» THE DATA:
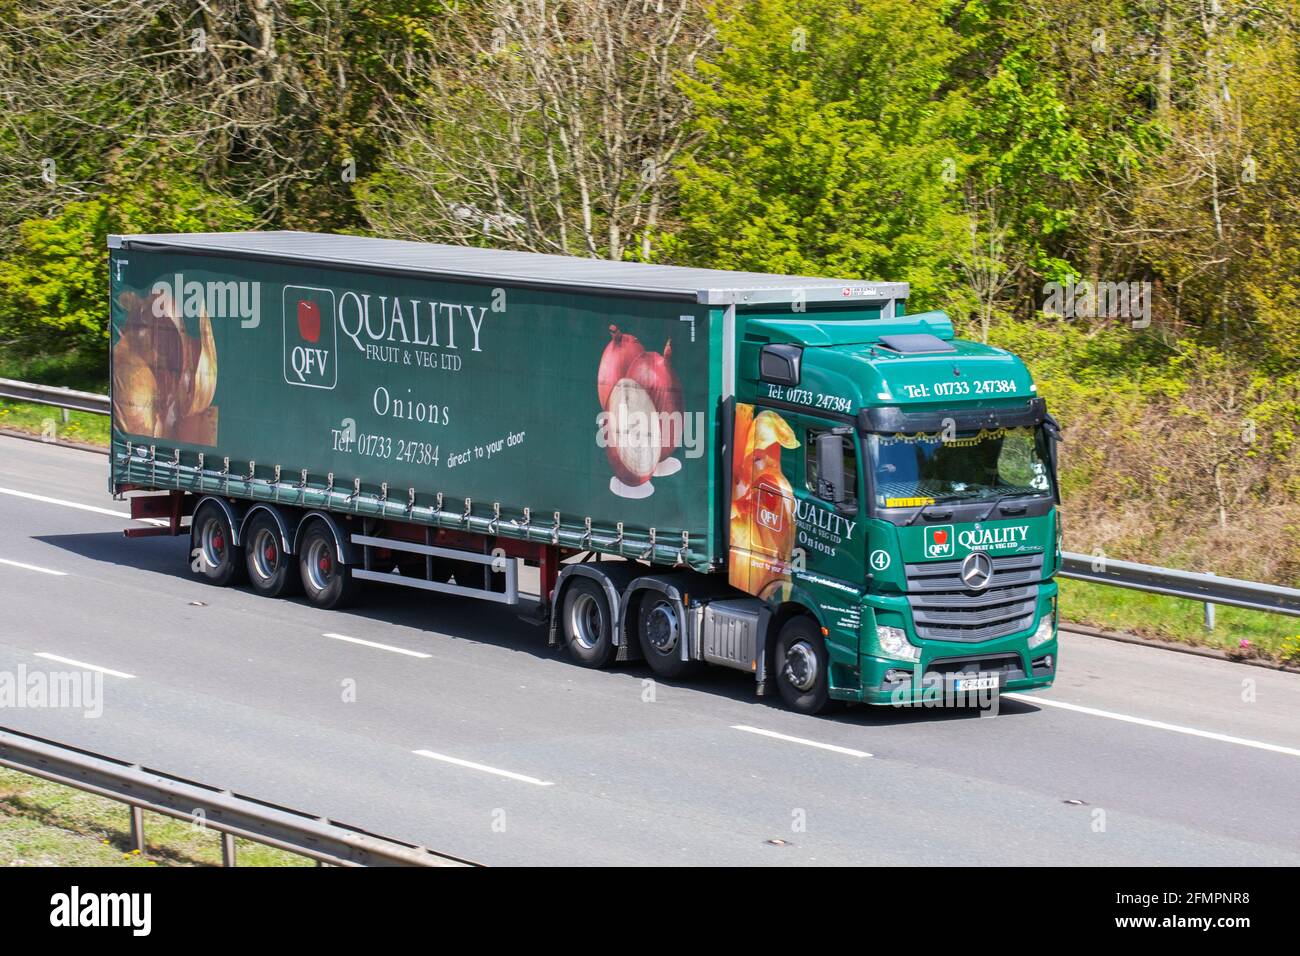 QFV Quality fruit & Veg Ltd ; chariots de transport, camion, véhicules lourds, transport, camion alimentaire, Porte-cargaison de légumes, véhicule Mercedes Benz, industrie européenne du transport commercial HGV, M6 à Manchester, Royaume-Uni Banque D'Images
---
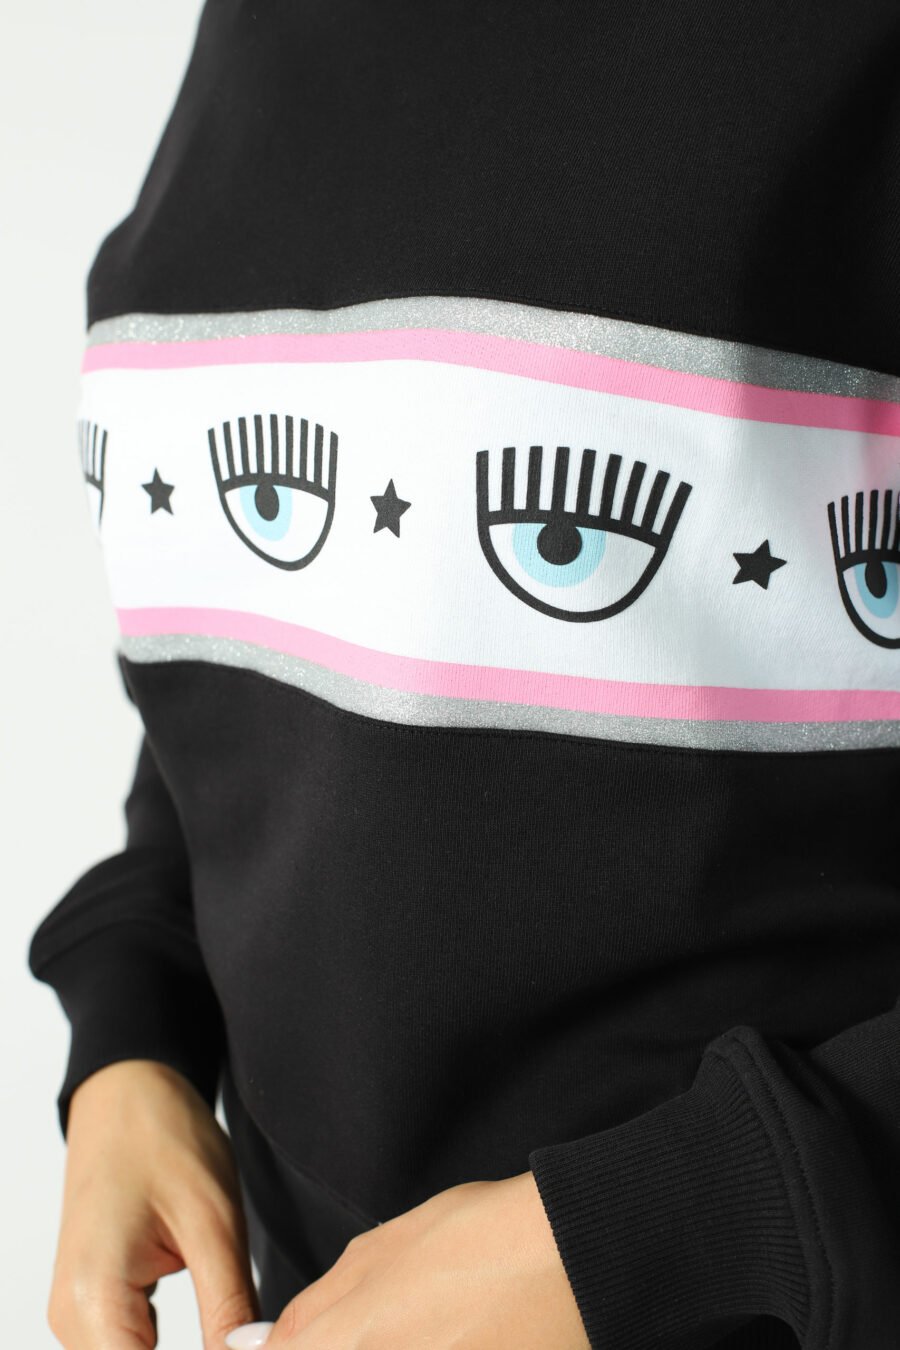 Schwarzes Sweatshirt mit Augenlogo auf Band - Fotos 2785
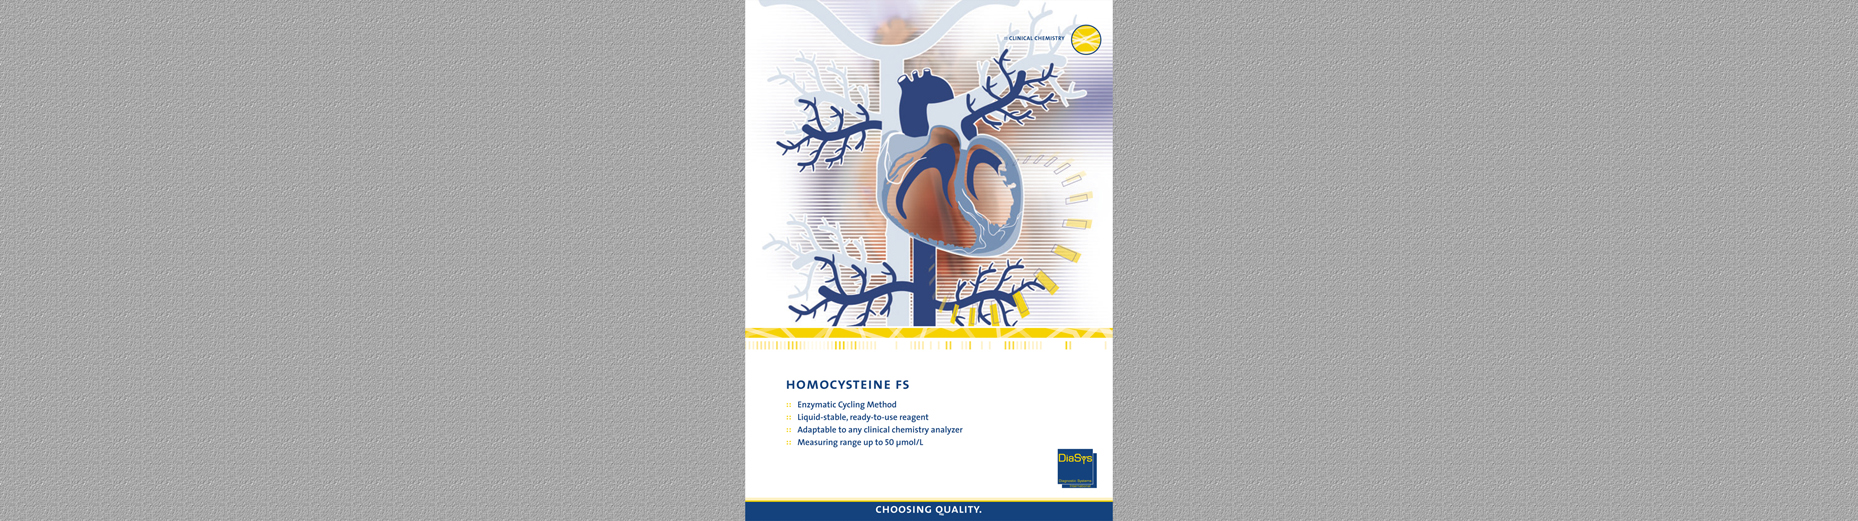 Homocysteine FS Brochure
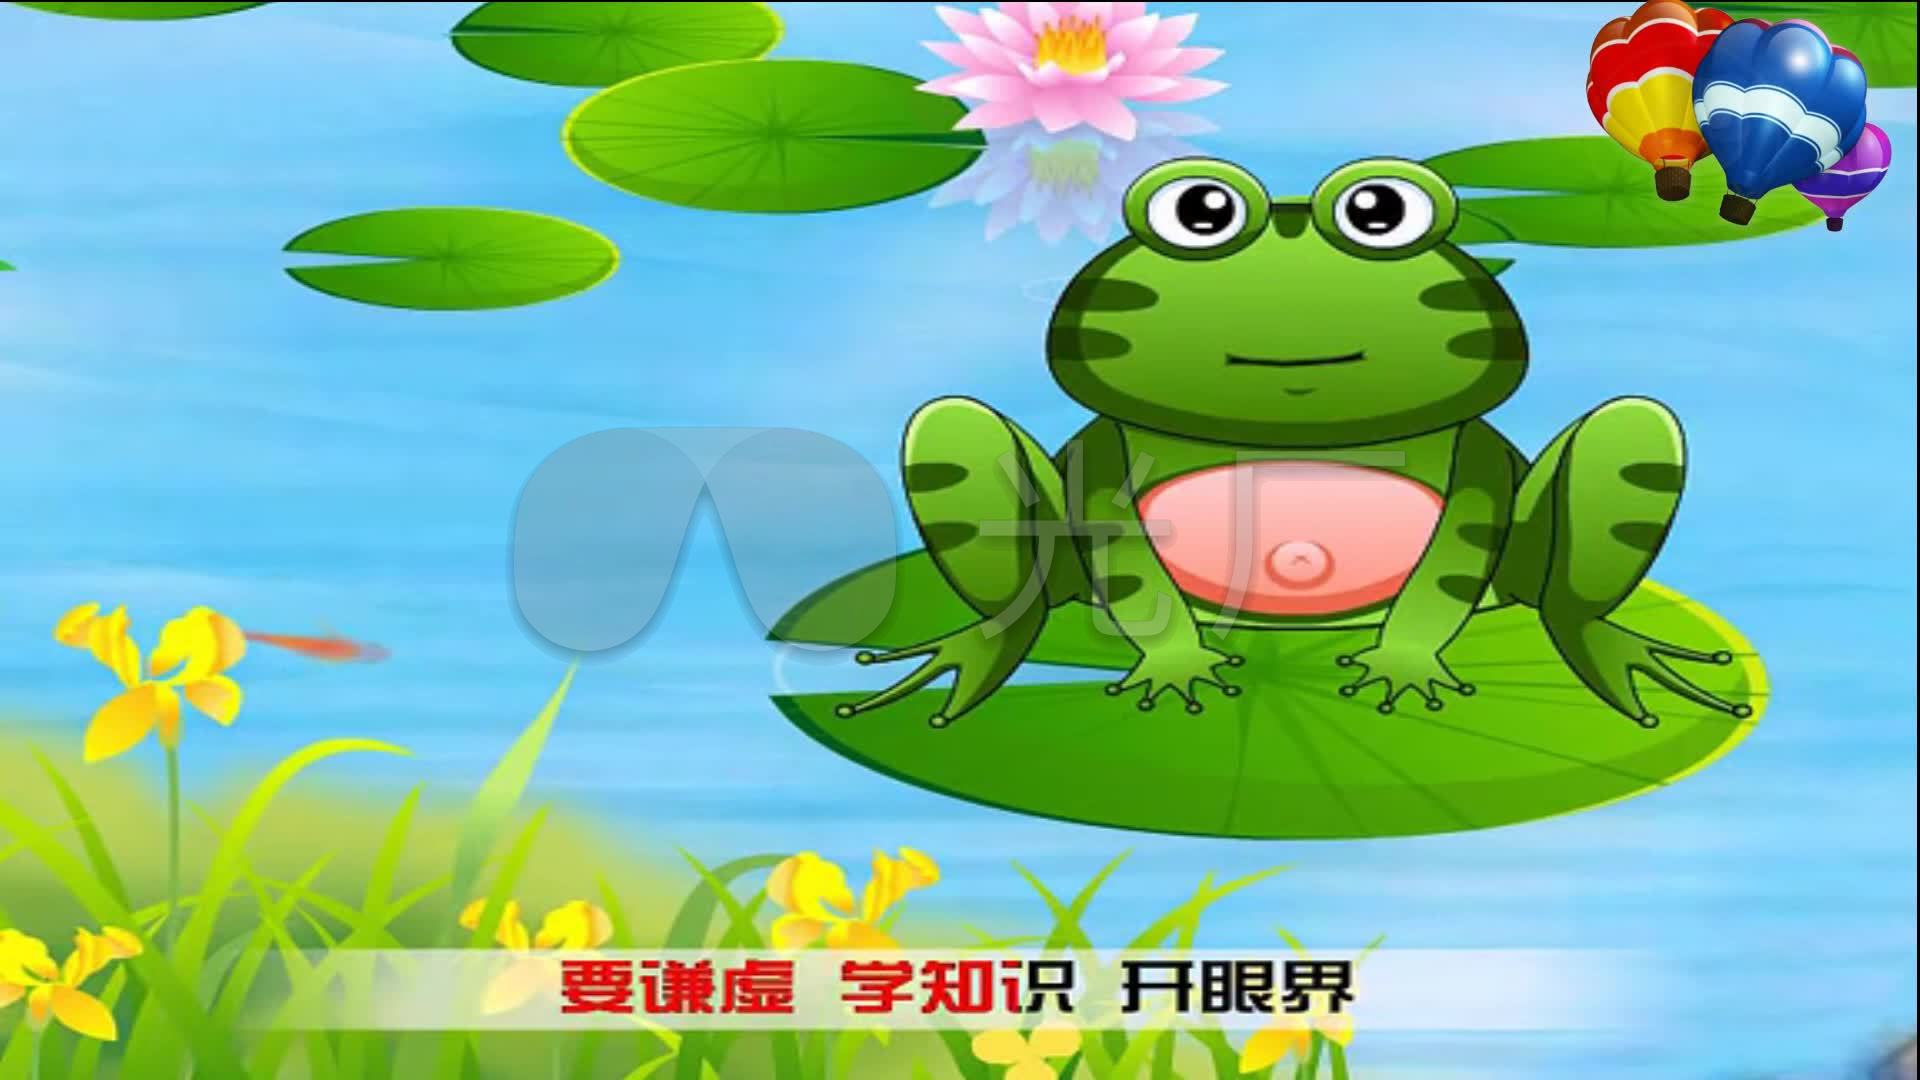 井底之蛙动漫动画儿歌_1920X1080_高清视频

» TRY IT: Work from the entries above. Set down exactly and only the lines from the line with "Schwarzes Sweatshirt mit" to the line with "井底之蛙动漫动画儿歌_1920X1080_高清视频", both included, and leave the pictures out.

» RESPONSE TO THIS EXERCISE:
 Schwarzes Sweatshirt mit Augenlogo auf Band - Fotos 2785
 Homocysteine FS Brochure
 井底之蛙动漫动画儿歌_1920X1080_高清视频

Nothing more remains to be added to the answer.